# WHAT IS REQUIRED
Please make an exact copy of the listing, without the pictures.
[[ THE DATA open ]]
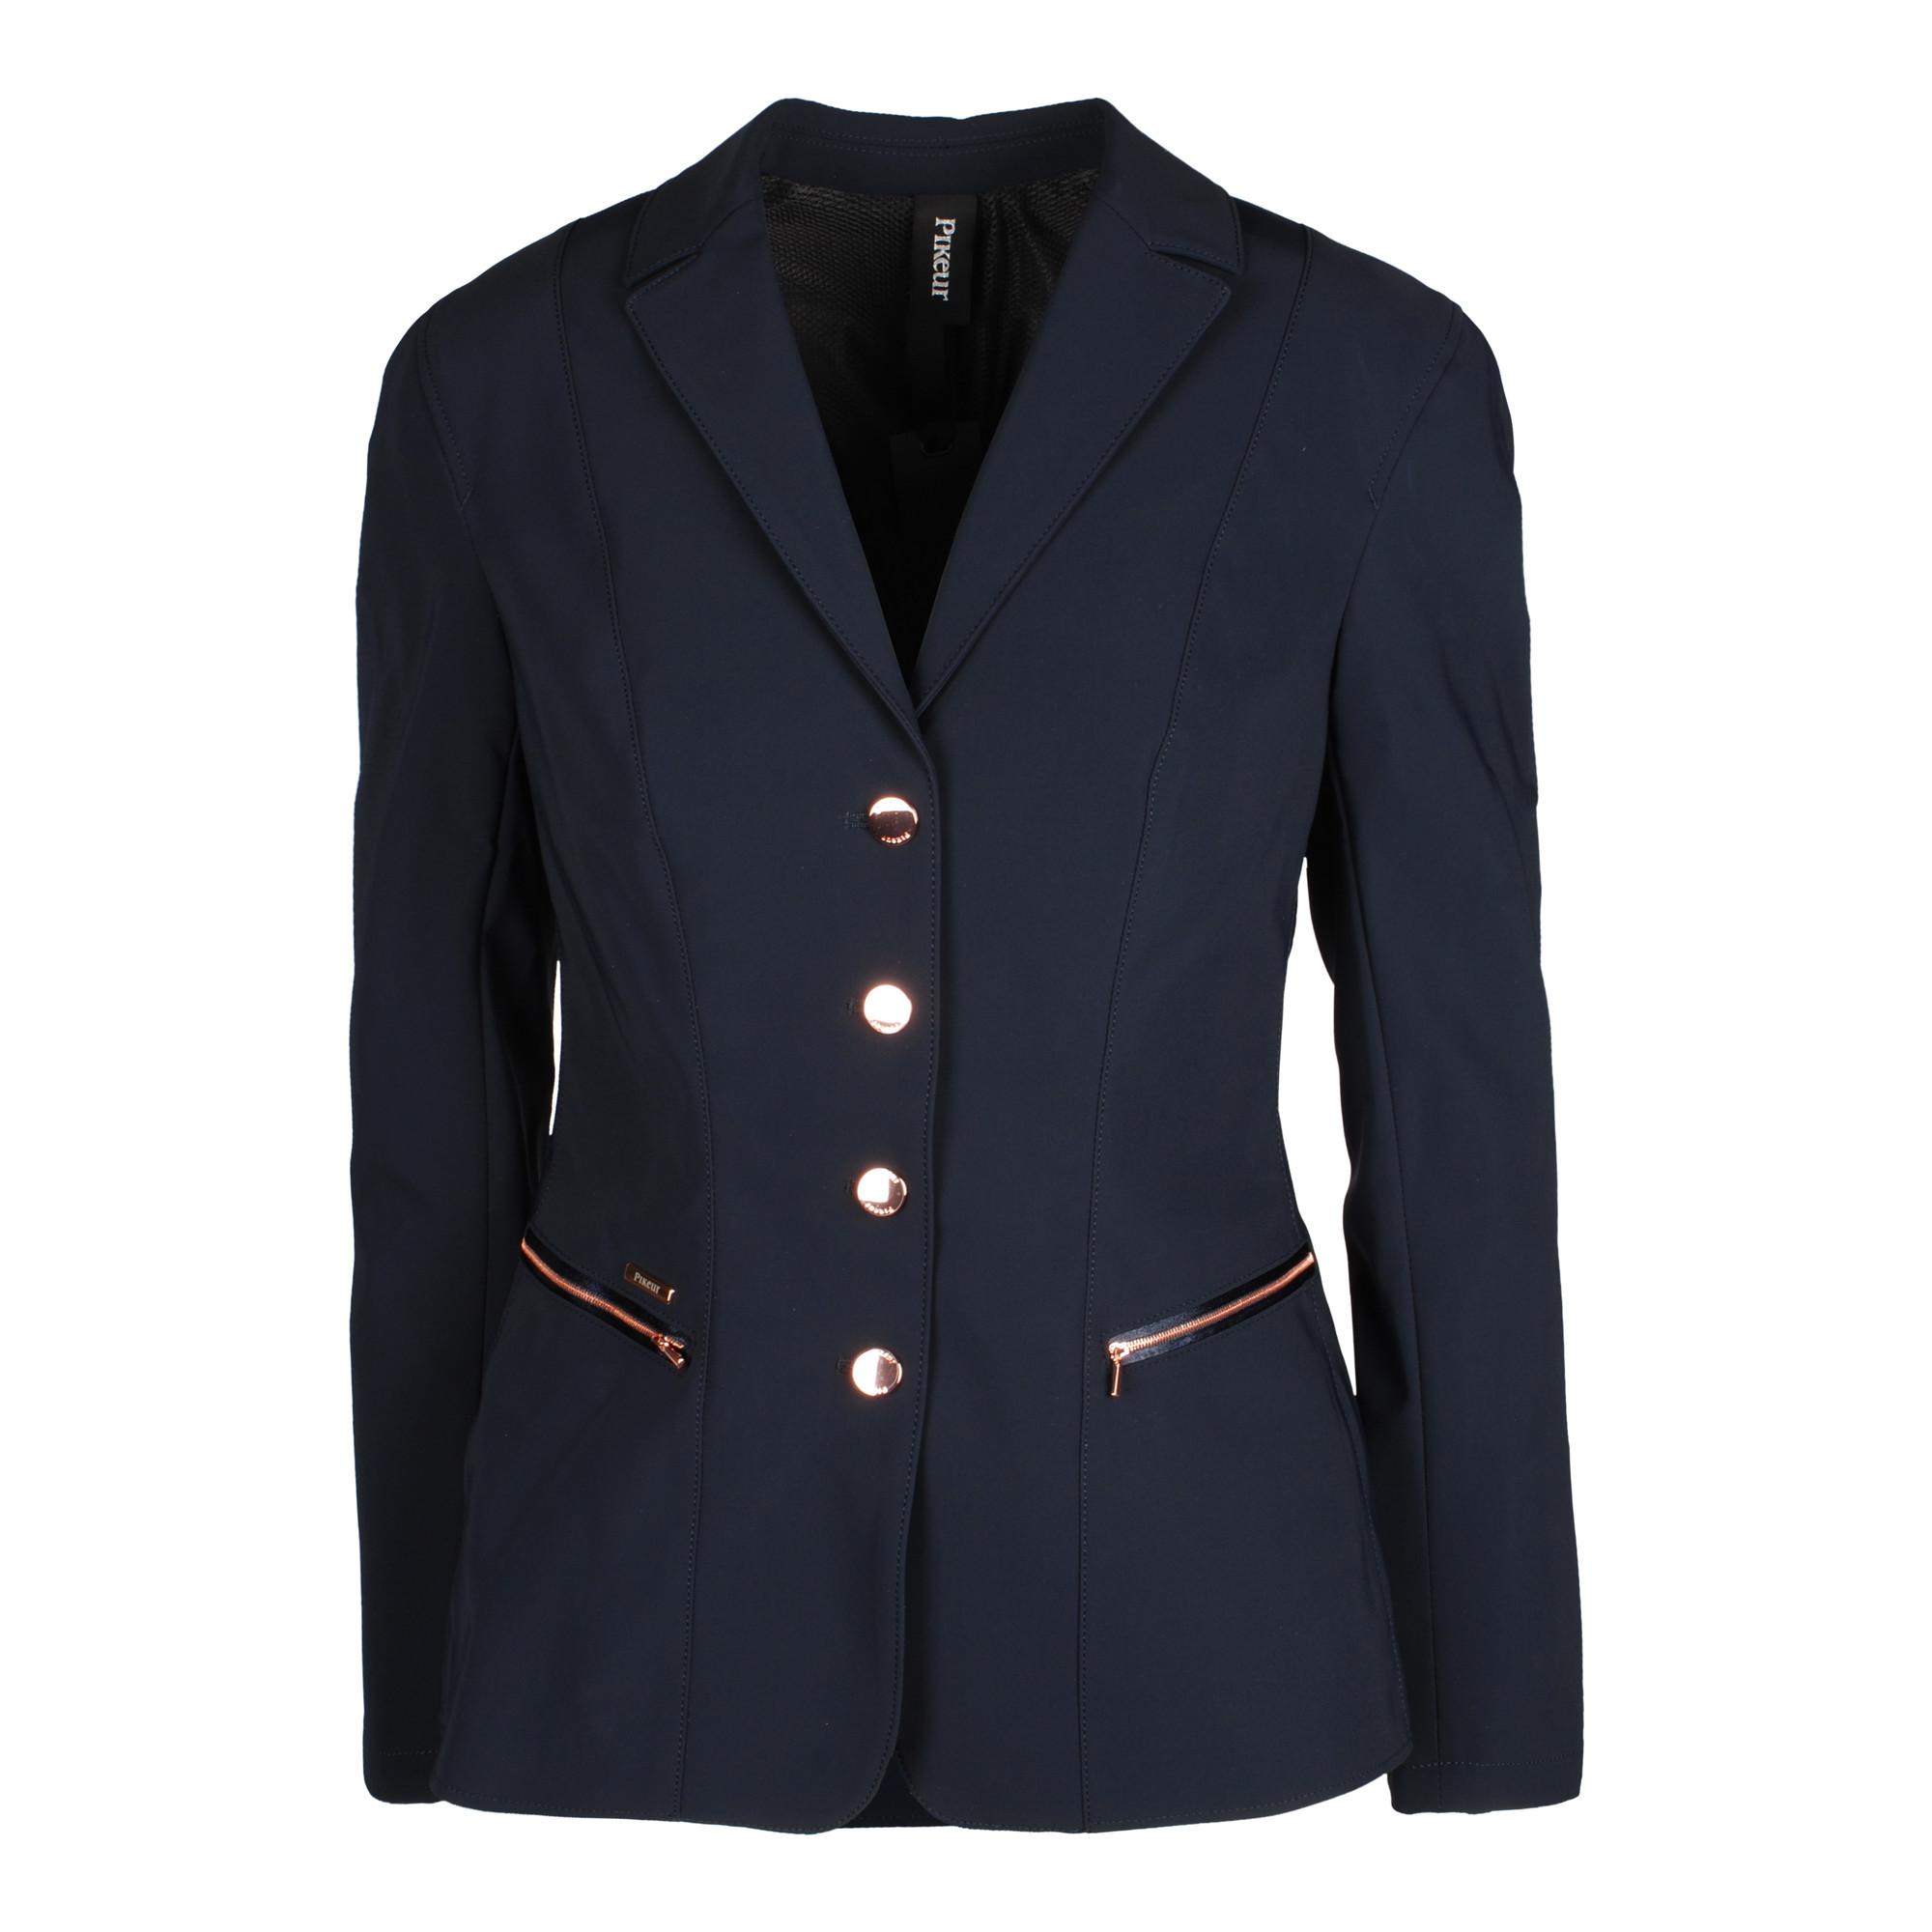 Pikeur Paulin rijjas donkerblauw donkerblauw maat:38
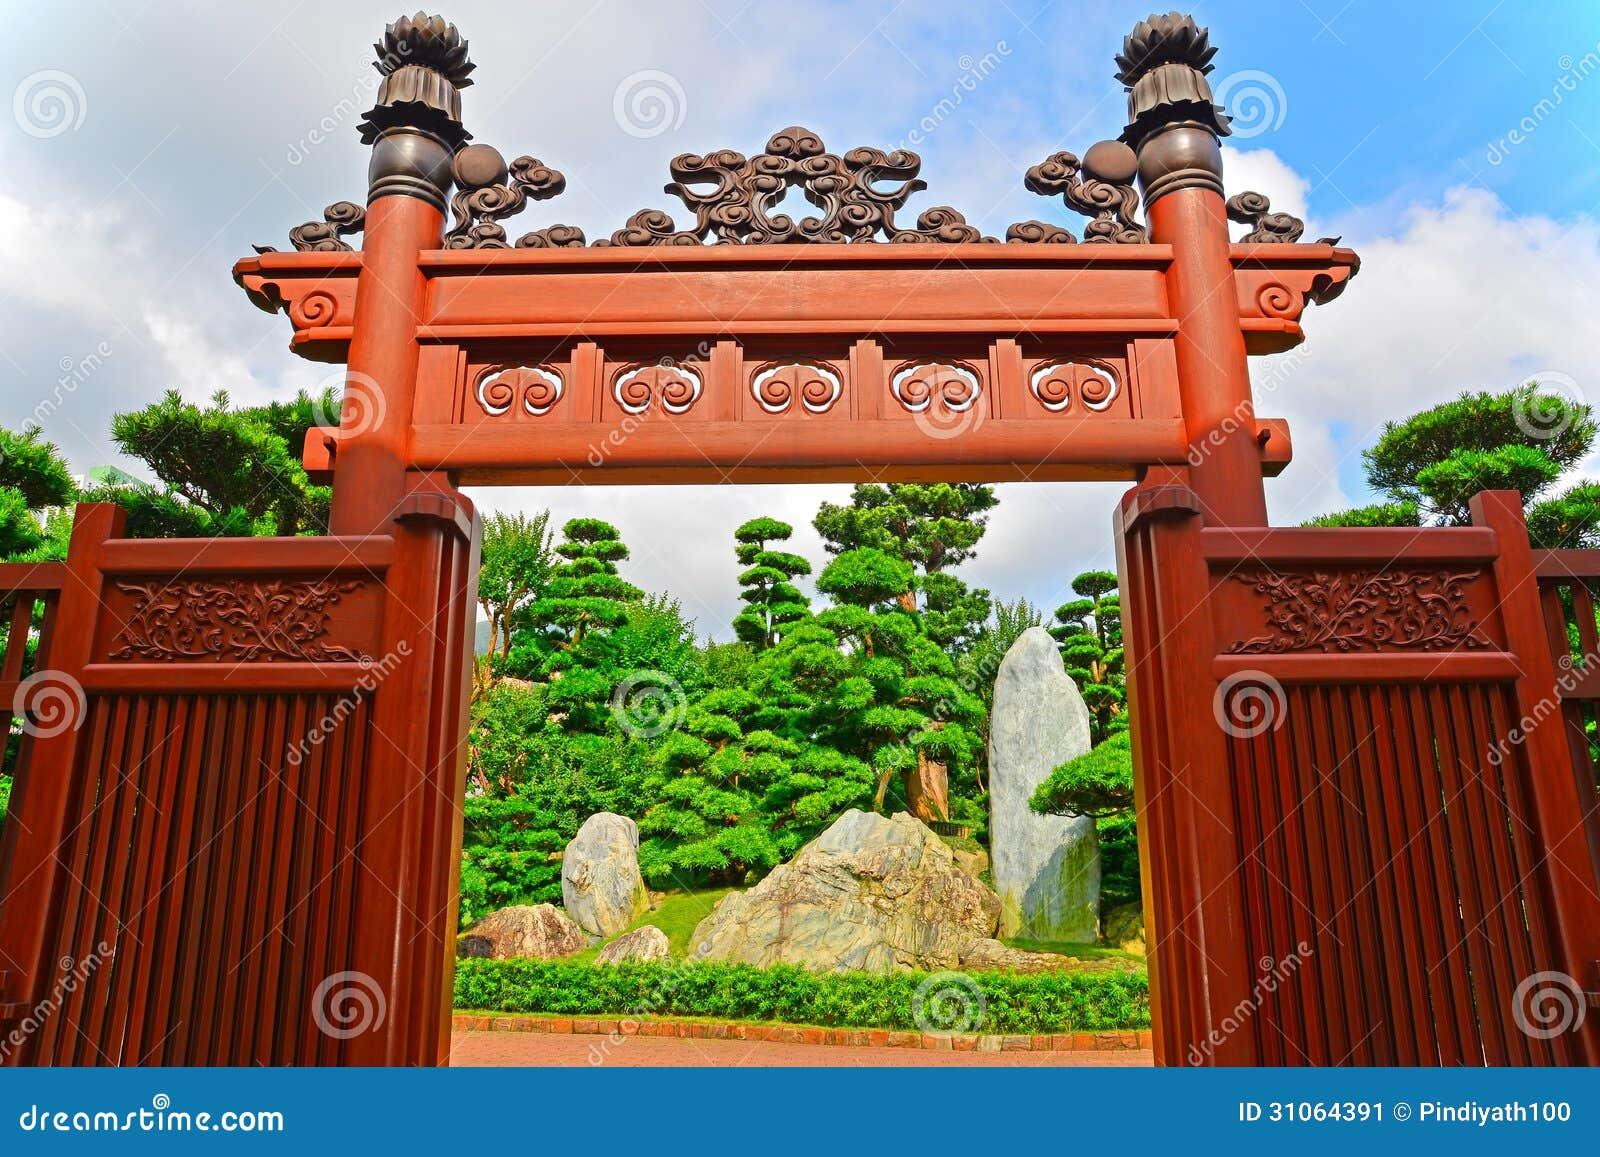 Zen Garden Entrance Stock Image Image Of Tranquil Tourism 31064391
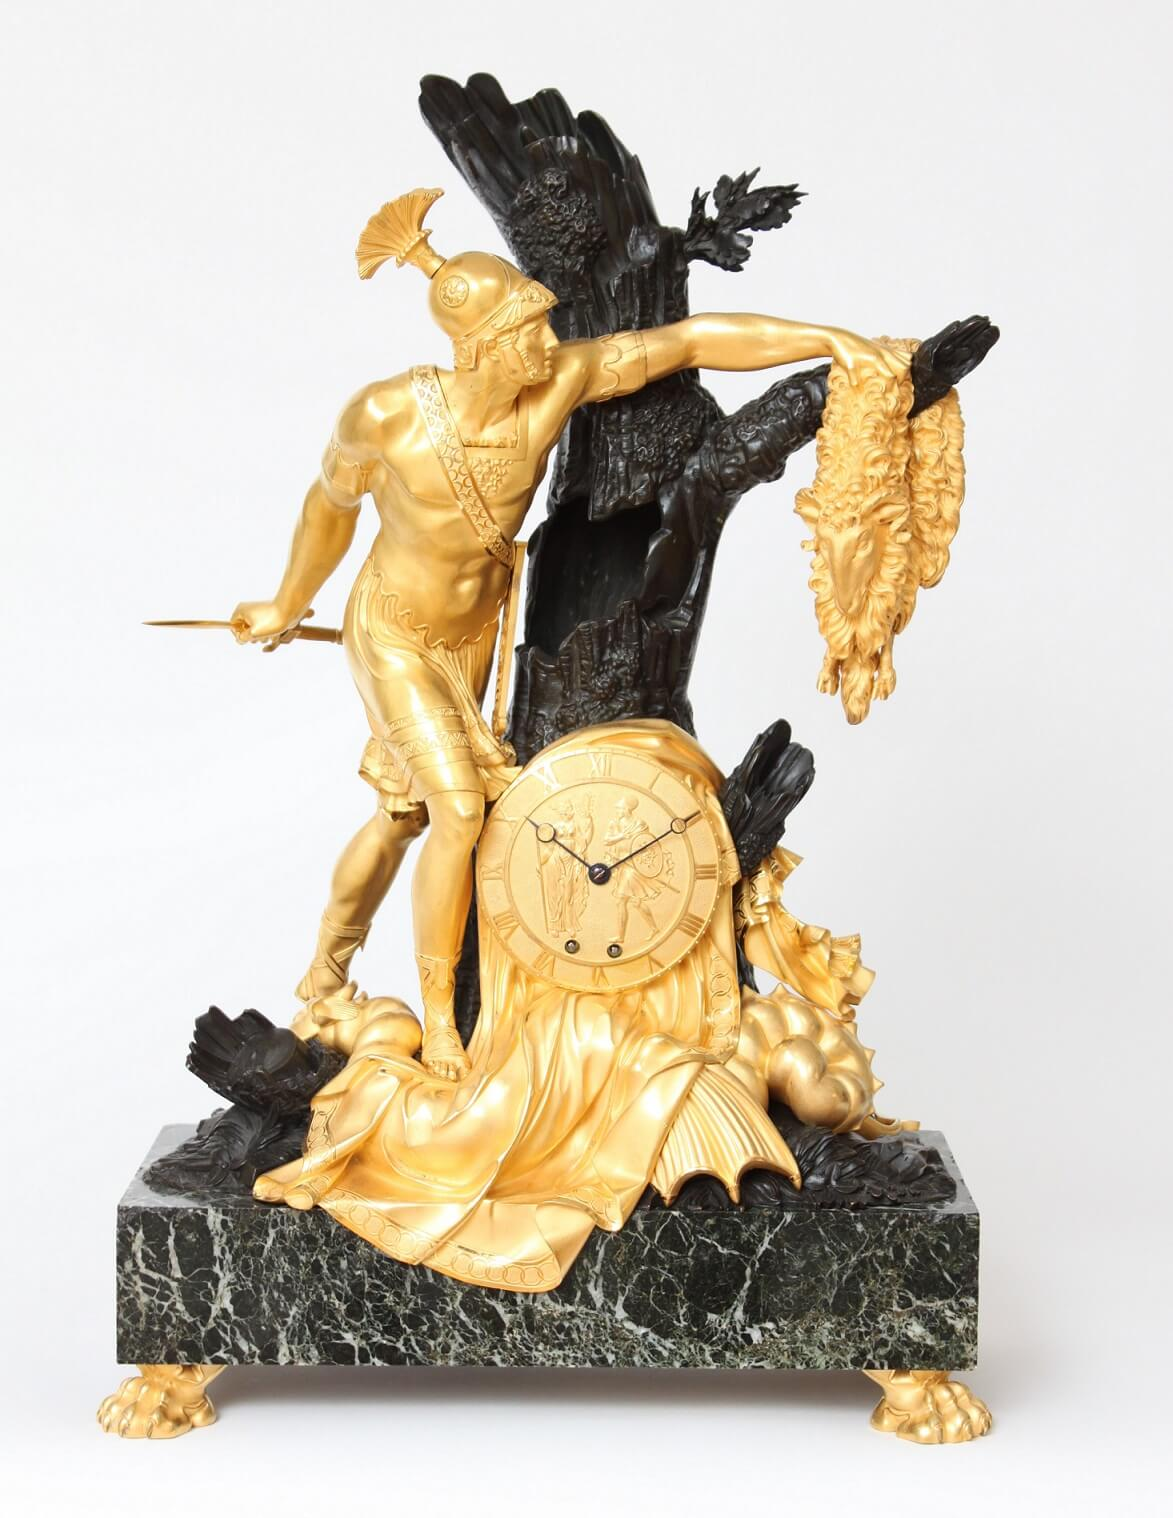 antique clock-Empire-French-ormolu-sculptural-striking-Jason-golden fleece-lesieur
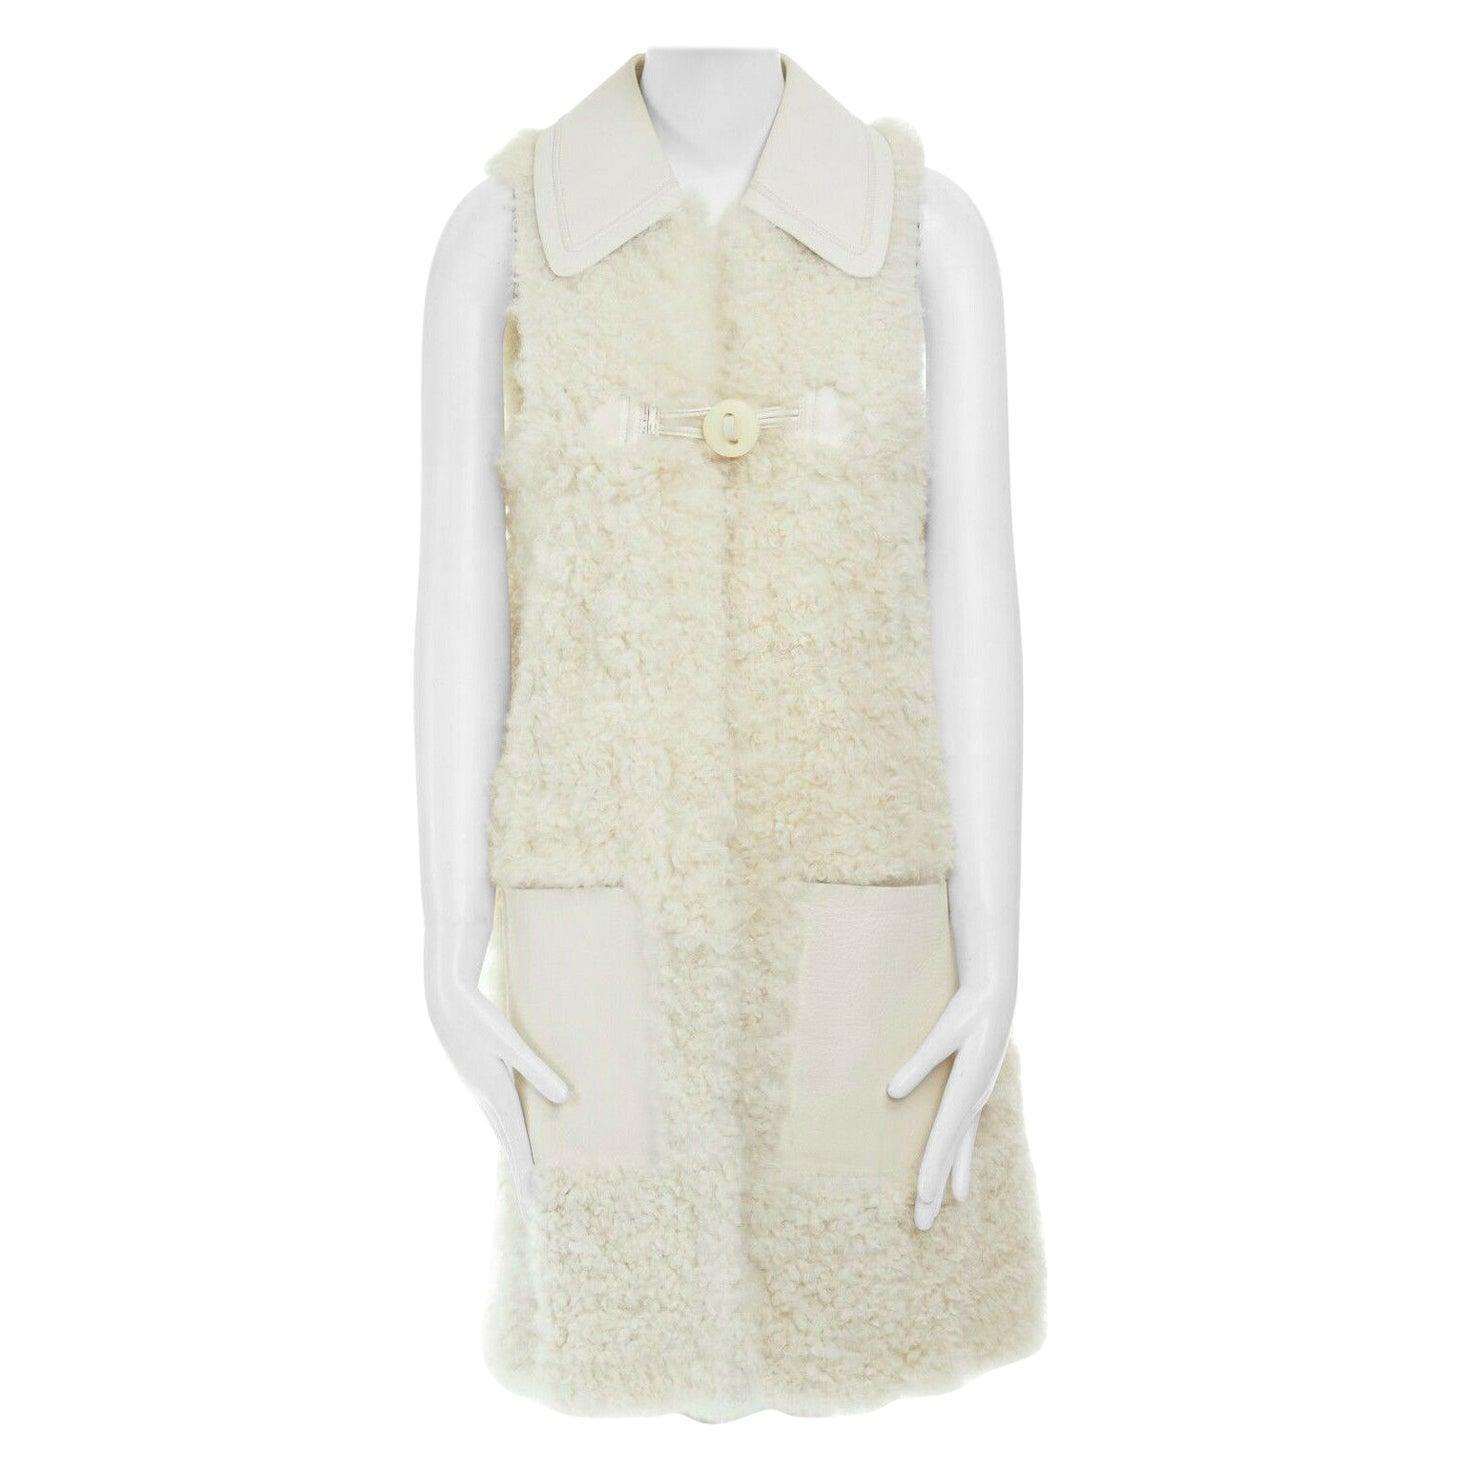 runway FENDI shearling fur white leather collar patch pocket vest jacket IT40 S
[[ THE DATA closed ]]
# ANSWER AREA
 Pikeur Paulin rijjas donkerblauw donkerblauw maat:38
 Zen Garden Entrance Stock Image Image Of Tranquil Tourism 31064391
 antique clock-Empire-French-ormolu-sculptural-striking-Jason-golden fleece-lesieur
 runway FENDI shearling fur white leather collar patch pocket vest jacket IT40 S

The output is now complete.